Because Mr. Dinan obtained a favorable judgment on his quasi-contract and 26 M.R.S. § 626 claims, but was unsuccessful on his breach of contract claim, Alpha argues that he should be required to separate out the time he spent on the successful and unsuccessful claims and should be awarded only for his successful efforts. Both claims arose from Alpha's failure to pay Mr. Dinan's wages, which included sales commissions. His attorney's affidavit does not apportion between time spent on the breach of contract claim and on the quasi-contract claim. However, the affidavit states that the fees and costs he requests were incurred only as part of this case.

Having reviewed the trial transcript, the Court concludes that the successful and unsuccessful claims in this case arose from a "common core of facts", and that it is impossible to accurately separate out Attorney Bedard's work on the breach of contract claim from that on the quasi-contract claim. Nor is this a case where the unsuccessful theory so drove the trial that the time must in fairness be apportioned. Nor would there be an obvious way to arrive at an appropriate percentage reduction.

There is another sub-issue on apportionment. During the run-up to the trial in this case, both parties filed extensive motions for summary judgment, neither of which was successful. Alpha contends that Attorney Bedard's efforts in preparing his unsuccessful motion for summary judgment should be uncompensated as Mr. Dinan did not prevail on that motion. The Court agrees. Here, the attorney time and charges related to the unsuccessful motion are delineated in the attorney invoice. The Court has separated out and subtracted the time and charges directly related to the Mr. Dinan's motion for summary judgment.

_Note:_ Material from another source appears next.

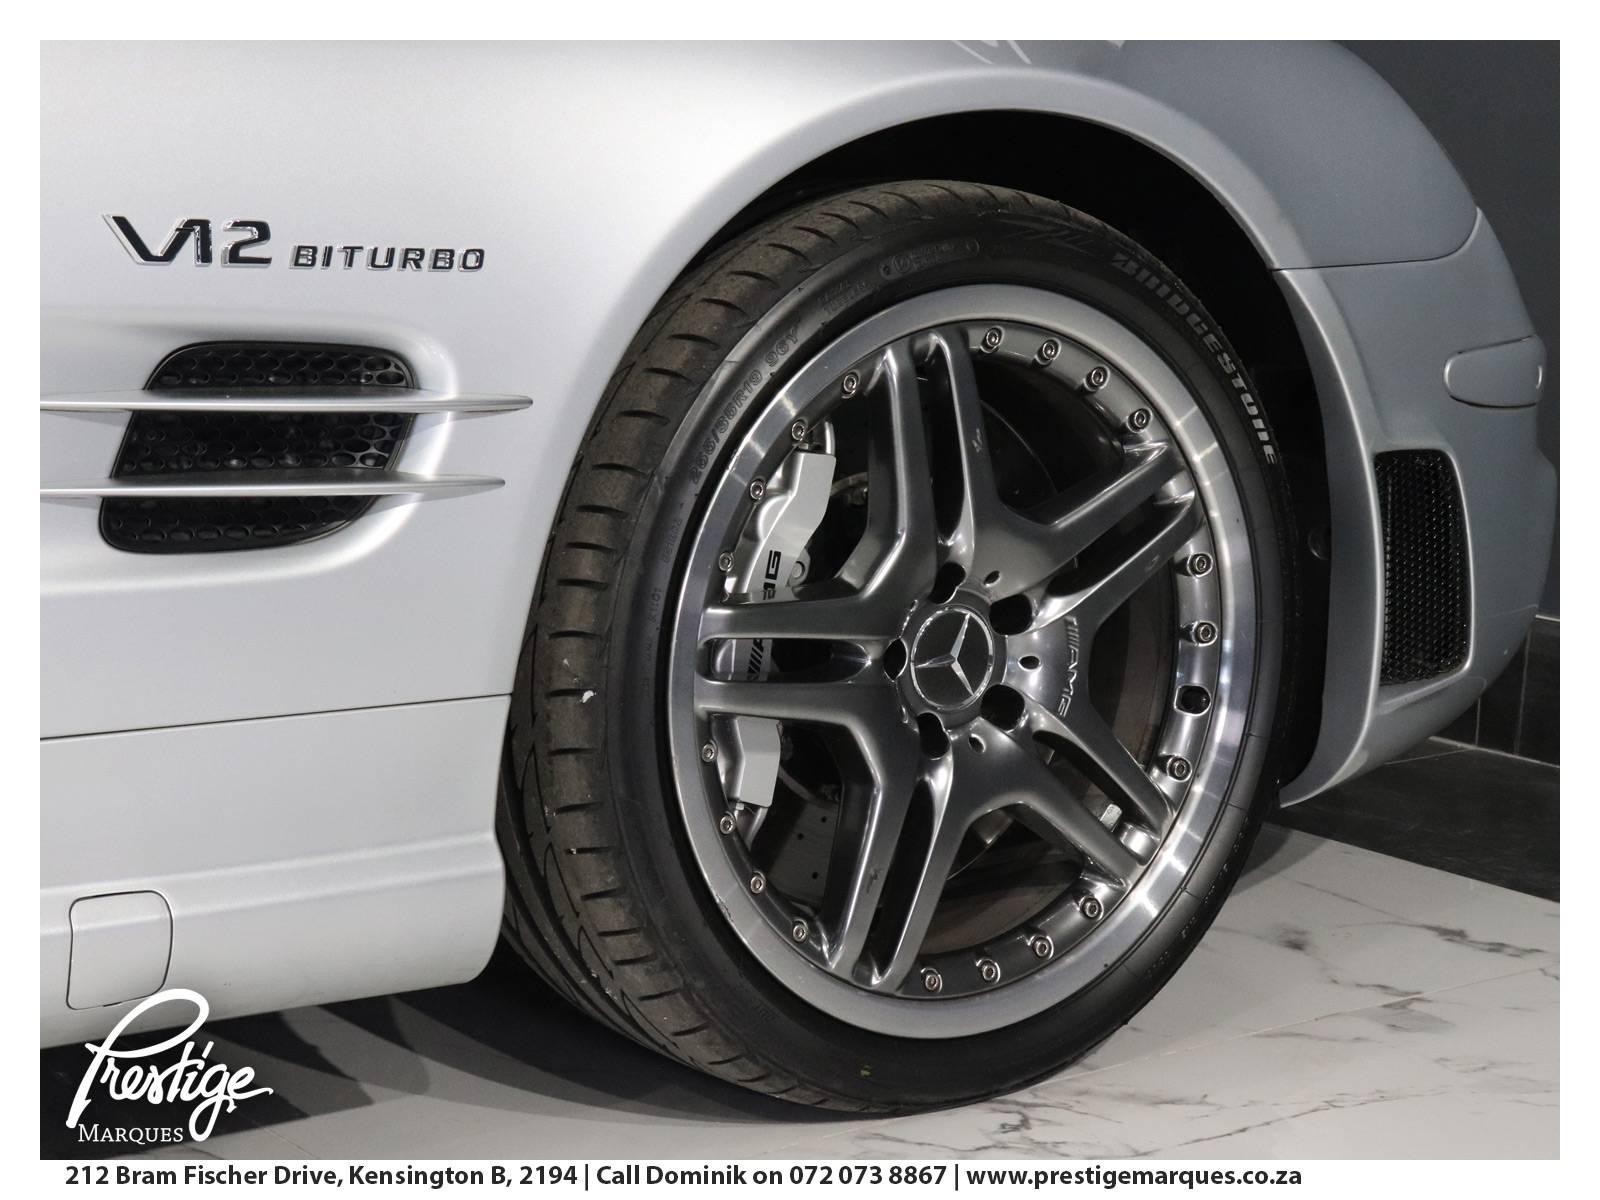 2006-Mercedes-Benz-SL65-AMG-Prestige-Marques-Randburg-Sandton-15

C. The Reasonableness of Attorney Bedard's Fee Request

Although Maine has set forth no precise formula for computing reasonable attorney's fees under section 626, the Law Court has adopted a list of relevant factors for determining the proper amount of an attorney's fee award in unpaid wages cases. See, e.g., Gould v. A-1 Auto, Inc., 2008 ME 65, ¶ 13, 945 A.2d 1225. Those factors are:

(1) the time and labor required; (2) the novelty and difficulty of the questions presented; (3) the skill required to perform the legal services; (4) the preclusion of other employment by the attorneys due to acceptance of the case; (5) the customary fee in the community; (6) whether the fee is fixed or contingent; (7) the time limitations imposed by client or circumstances; (8) the amount involved and the results obtained; (9) the experience, reputation and ability of the attorneys; (10) the undesirability of the case; (11) the nature and length of the professional relationship with the client; and (12) awards in similar cases.

Poussard, 479 A.2d at 884 (citing Johnson, 488 F.2d at 717-719). "The most important of the... factors is the result obtained." Wyman v. Sec'y of State, 625 A.2d 307, 312 (Me. 1993).

The parties agree that Mr. Dinan is entitled to an award of attorney's fees. The only issue before this Court is determination of the amount to which Mr. Dinan is entitled. Mr. Dinan's request lists 274.45 hours at $230 per hour for a total attorney's fee request of $63, 123.50. Pl.'s Aff. at 1. Mr. Dinan argues that his request for attorney's fees is reasonable because the result obtained was a $210, 995.79 judgment against Alpha, and resolution of the case required a three-day jury trial and appeals to both the Law Court and the First Circuit. Pl.'s Reply at 3.

Alpha does not take issue with Attorney Bedard's hourly rate, but it objects to "unnecessary, inefficient and unreasonable" time spent on the case as well as "time spent on unsuccessful issues". Def.'s Opp'n at 1-2. Alpha argues that the reasonableness of Mr. Dinan's fee request should be assessed in light of the "absurd nature" of his demand at trial of over $700, 000 as compared to the amount of the judgment in his favor. Id. at 8-9.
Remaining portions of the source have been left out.